A musical score in front of a framed artwork showing a landscape scene of a mountain surrounded by water.
Music Inspired by Visual Art

Music Inspired by Visual Art

Man standing in front of a musical score which is exhibited like a painting on a wall of a gallery.

My previous column posed some broad possibilities and potentials for new music as a catalyst for learning. Now I’d like to turn my attention to one specific realm of music for learning I’ve explored in my work as a composer: music inspired by visual art.

“Inspired by” is, of course, a problematically vague descriptor. (If you think of something better, please share it with me!) My intention has been to create music that draws the listener into the world of the artwork—music that gives the listener a new lens through which to see art.

I’ve come across many pieces of music, by different composers, in which the composer has been drawn to a work of visual art as a source of inspiration—as a writing prompt, in a sense. To my ear, such works oftentimes result in music with an abstract or imperceptible connection to their source material: the visual art has had more to do with process than product. There is, of course, absolutely nothing wrong with this approach or the music that results. However, as both a listener and a composer, I feel a distinction needs to be made between this kind of work and music that has been envisioned expressly for the purpose of illuminating, commenting upon, and conversing with visual art—music where viewing the art while listening to the music is, in some sense, essential to the full realization of the composer’s vision.

Teaching Art Appreciation through Music and Online Media

My love of visual art, and my desire to increase appreciation of relatively under-recognized visual artists, has led me to incorporate art into my musical projects in many ways. These projects have ranged from a one-act monodrama depicting the artistic evolution of painter Charles E. Burchfield (The Coming of Spring, 2014), to a piece for flute and guitar following the work of Japanese-American artist Chiura Obata from Yosemite National Park to an internment camp (Dai-Shizen (Great Nature), 2014). At the heart of many of my visual art-inspired projects have been multimedia concerts, which I’ve brought to art museums as well as concert halls, in which the music is performed live with images of the artworks projected above the performers.

Using music to teach visual art appreciation has been core to my art-inspired endeavors. For one project, I put together an evening-length program of chamber music inspired by visual art and produced an in-depth complementary online “concert companion,” containing videos featuring interviews with senior museum curators about the artists and written commentary with excerpts from the music demonstrating how I translated art into musical ideas (Beyond the Notes: Music Inspired by Art, 2011). This website and related videos are now a standalone educational resource.

Smartphone showing an image of a painting with a text description below.

Illuminating the connections between music and visual art through a mobile website.

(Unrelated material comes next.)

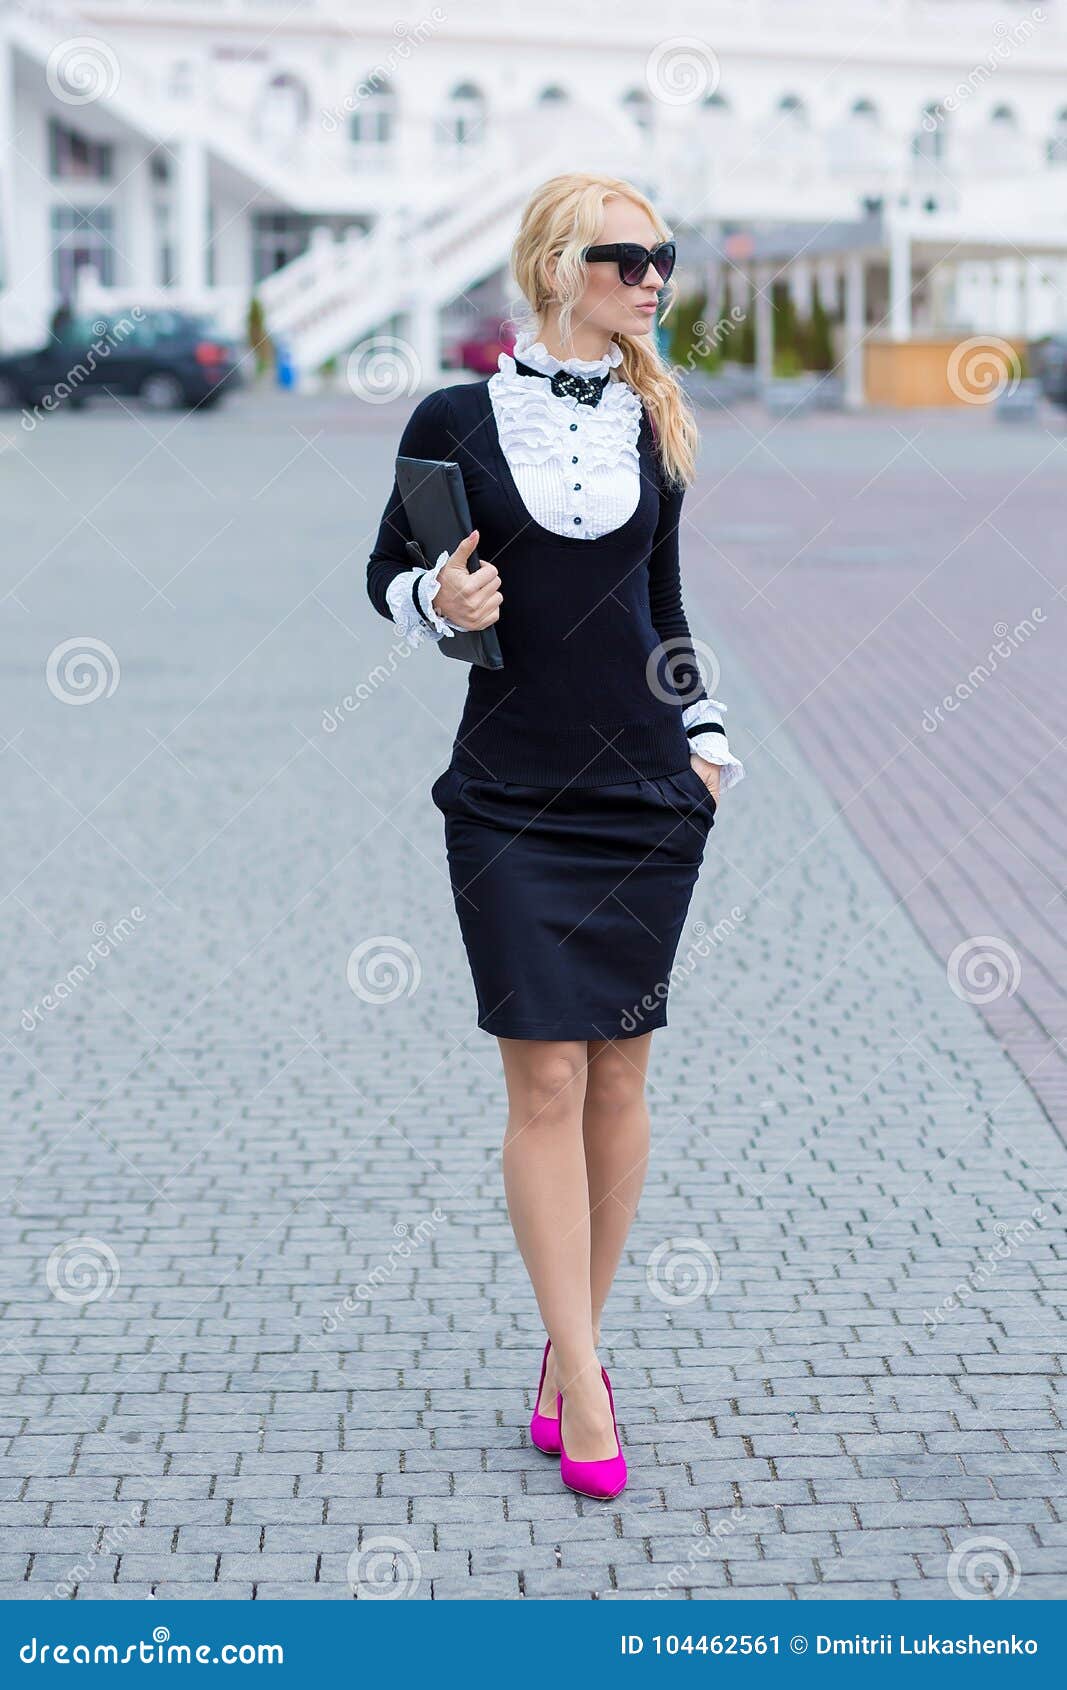 Business Lady Woman Dressed in Working Serious Skirt and Shirt Posing on Street with Note Book Blond Hairs and Pink High Heels Sex Stock Image

Photograph by Nell Shaw Cohen.

The specific compositional techniques with which I’ve attempted to evoke visual art are beyond the scope of this article. Generally speaking, in addition to finding musical equivalents to color, texture, line, shape, etc., I’ve sought to represent and even guide the gradual wandering of one’s gaze across an image. Different sections or elements of the music are envisioned as responses to different areas within the image.

Music Helps Us to See

So, how exactly does music deepen an understanding of visual art? It has been empirically shown that pairing visual art with music can stimulate learning experiences and promote art appreciation skills. A study by Victoria Pavlou and Georgina Asthanasiou (2014) found that presenting images of an art object simultaneously with a complementary musical recording (which the researchers selected for pairing) led to significant improvements in art appreciation amongst college students who were inexperienced viewers of art. In post-experiment interviews, the participants reported that listening to the music made a substantial positive impact on their ability to derive meaning from both representational and abstract artworks and generally prompted stronger emotional responses to art.

Anecdotal evidence has confirmed this phenomenon for me. Audience members at performances of my work have commented that listening to the music while viewing video projections of the art enabled them to understand or appreciate the artworks in ways that they hadn’t without the stimuli of music. In some cases, these audience members had actually experienced a music-free viewing of the original painting in the museum’s gallery directly prior to the concert.

In addition to the aesthetic and emotional responses that music can incite, some of the positive effects of pairing music with visuals might simply stem from the support of sustained viewing. Lachapelle, et al. (2009) conducted a study in which they tested the common assumption that there is a positive correlation between duration of viewing and greater appreciation of art. This was found to be true in the majority of non-expert viewers that they studied. Music has the advantage of being a temporal art: in performances of some of my works, listeners are shown a projected still image for five or six minutes at a time during the musical performance. In our highly interconnected and hyper-stimulating age of the Internet, motivating people to simply look at an artwork for a sustained period of time is no small matter!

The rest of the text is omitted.